Housed at the World Bank, CGAP Technology Program working for poor people to get safe ways to send, receive, and save money

WASHINGTON and LONDON, March 11, 2010 - CGAP, an independent microfinance center based at the World Bank, today
announced a new partnership with the UK Department for International
Development (DFID) to expand ongoing global efforts to use information and
communication technologies (ICT), especially mobile phones, to increase
access to basic financial services for the poor. In addition to a 2006 grant
from the Bill & Melinda Gates Foundation and CGAP funding, DFID will provide
GBP 8 million to the CGAP Technology Program.

"Giving people access to financial services can help them lift themselves
out of poverty.
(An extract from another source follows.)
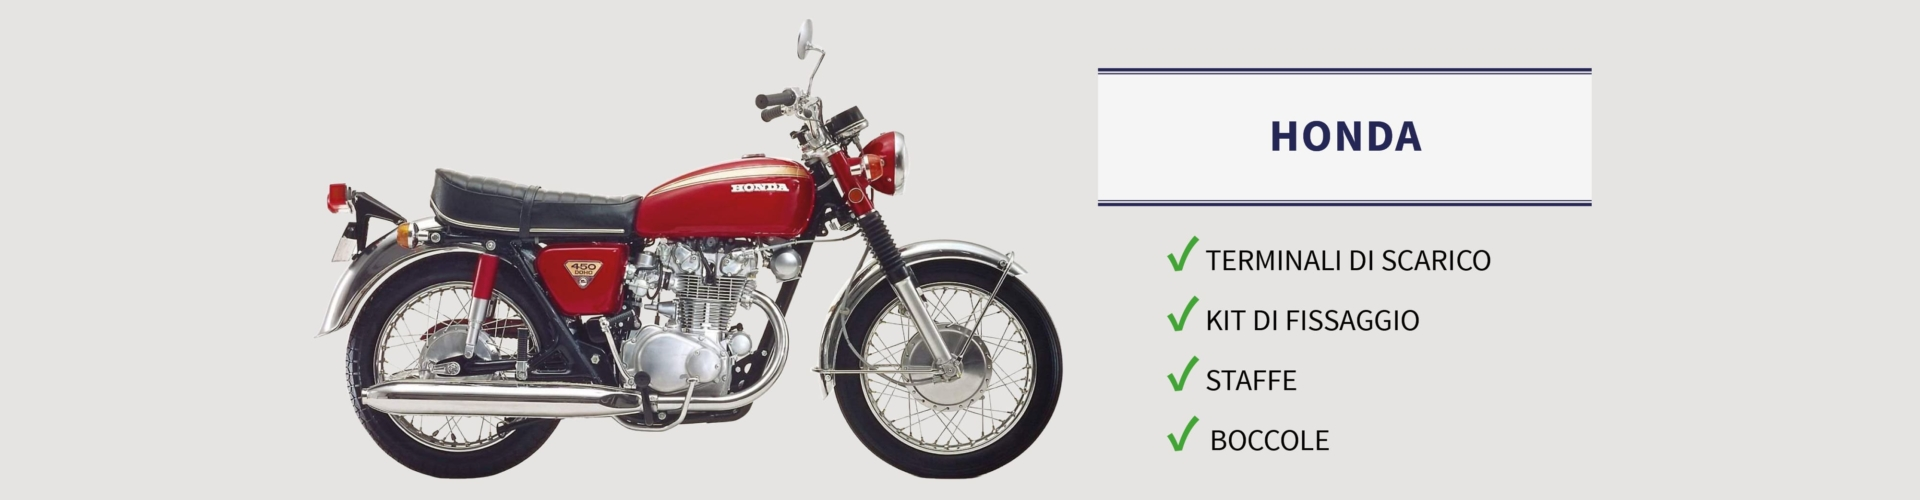 moto-storiche-italiane-terminali-moto-epoca-honda-four-450-rid

I am therefore pleased that the DFID-supported Technology
Program at CGAP will work to improve poor people's access to financial
services such as payments, savings, loans, and insurance. The Program will
also support the delivery of social protection payments in developing
countries and make the transfer of international remittances cheaper and
safer," said UK Minister for Development Gareth Thomas.

Today's announcement builds on more than six years of work on mobile
banking and access to finance. In that time, CGAP has provided financing and
technical advice to projects with more than a dozen providers in Asia,
Africa, and Latin America to develop innovative banking solutions, and
conducted in-depth policy assessments of 13 countries. CGAP has also
published a series of white papers focusing on business models, client needs,
and regulatory conditions, which can be accessed at

"The idea that a mobile phone could replace a bank branch has gone from
concept to reality at an amazing pace. Now with support from DFID and the
Bill & Melinda Gates Foundation, it's time to get beyond the early excitement
of the past few years and shift into the build-out stage for mobile money so
that millions of poor people everywhere get access to formal financial
services," said Stephen Rasmussen, manager of the CGAP Technology Program.

Communication technologies such as point of sale devices and ATMs, but
also notably mobile phones, are increasingly connecting poor people to the
financial grid. With CGAP technical support and Bill & Melinda Gates
Foundation funding, CGAP's project partners in India, Mongolia, Pakistan and
the Philippines have created the world's first mobile phone-enabled savings
accounts aimed at reaching poor, unbanked people.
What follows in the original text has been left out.